Let's look at an example of what these diffs can contain:

cat DIFFS/nxos1.txt
no interface loopback0
interface Ethernet2/3
  no ip address 10.99.99.1/24
  exit
interface Ethernet2/2
  no ip address 10.10.100.1/24
  exit
interface Ethernet2/1
  no ipv6 address 2001::db8:1:200c:1/64
  no ip address 10.10.10.1/24
  exit
no vlan 304
no vlan 303
no vlan 302
no vlan 301
no vlan 300

The above section is what what needs to be performed in order for the configuration of nxos1 to be compliant with what we say (via CFGS/nxos1.txt) the configuration should look like.
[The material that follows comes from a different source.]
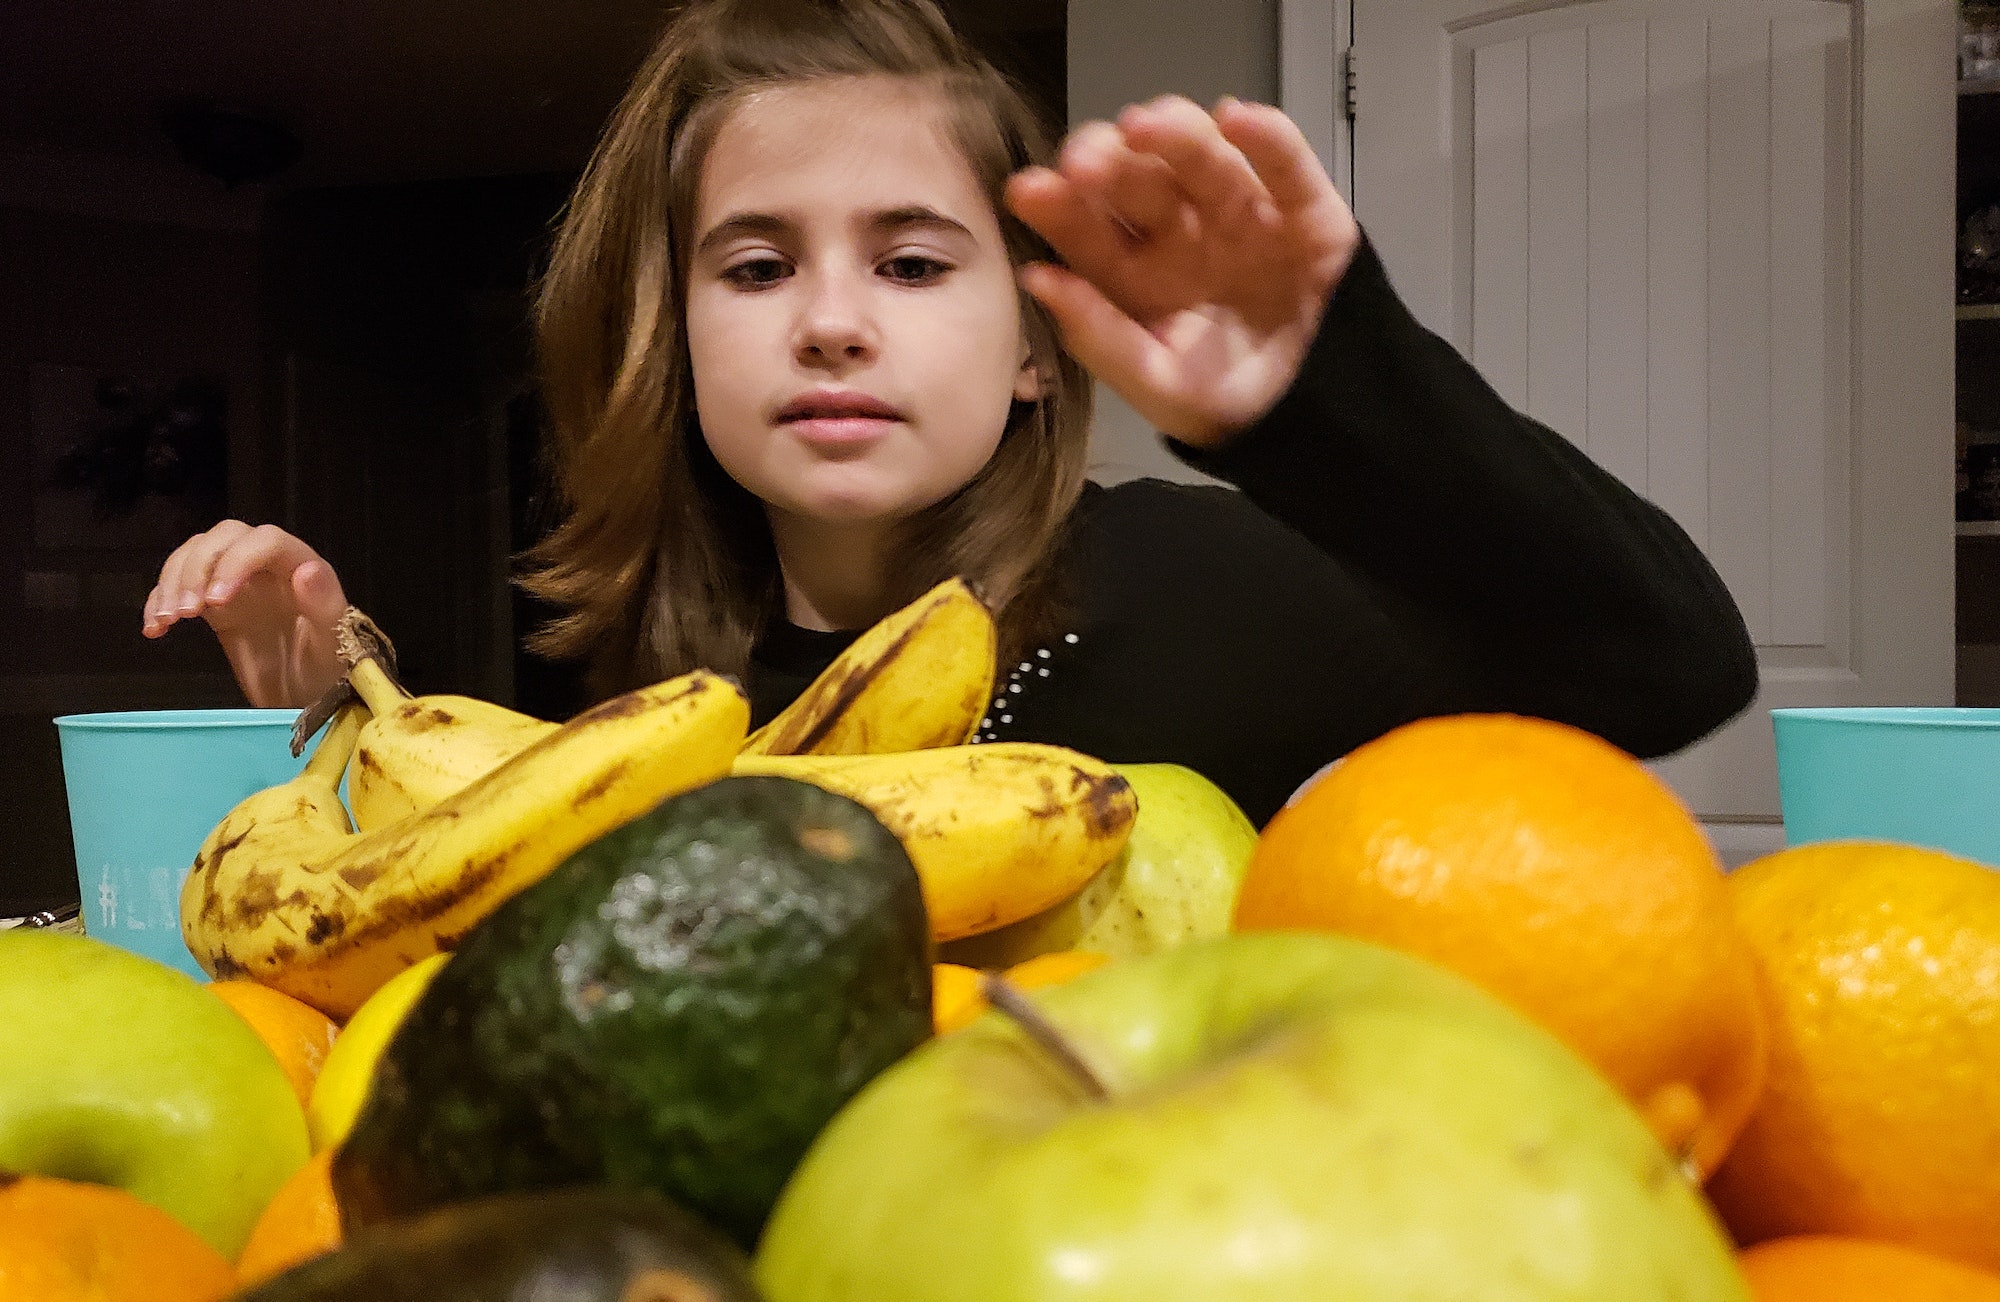 Des fruits et légumes bio pour votre enfant

So we now have quite excellent materials to bring to our lab change control meeting discussions instead of someone just saying "I am gonna be doing some stuff with the network come this weekend", (this change was approved by the way...).

Running our playbook with COMMIT set to TRUE

We change commit_changes: to True and execute our playbook again:

And since we're big fans of idempotence we run it again:

Look at the filesizes on thos DIFF files!

tree DIFFS -s
DIFFS
├── [          0]  nxos1.txt
├── [          0]  pynet-rtr1.txt
├── [          0]  pynet-sw5.txt
└── [          0]  srx1.txt

We're still a long way from turning this lab into skynet, but let's just be happy that the idempotent behaviour of NAPALM makes repeated runs create predictable returns. No configuration was messed up, nothing that shouldn't happen, happened.

These configuration replacements used different transport protocols in order to achieve the state we specified, we just used NXAPI, eAPI, NETCONF and SSH to accomplish these configuration operations.

Could we just debunk the myth that network engineers will be unemployable if they don't learn code? It would seem choosing a tool and being able to read YAML can get us quite a long way in the world of network automation and still be rather employable.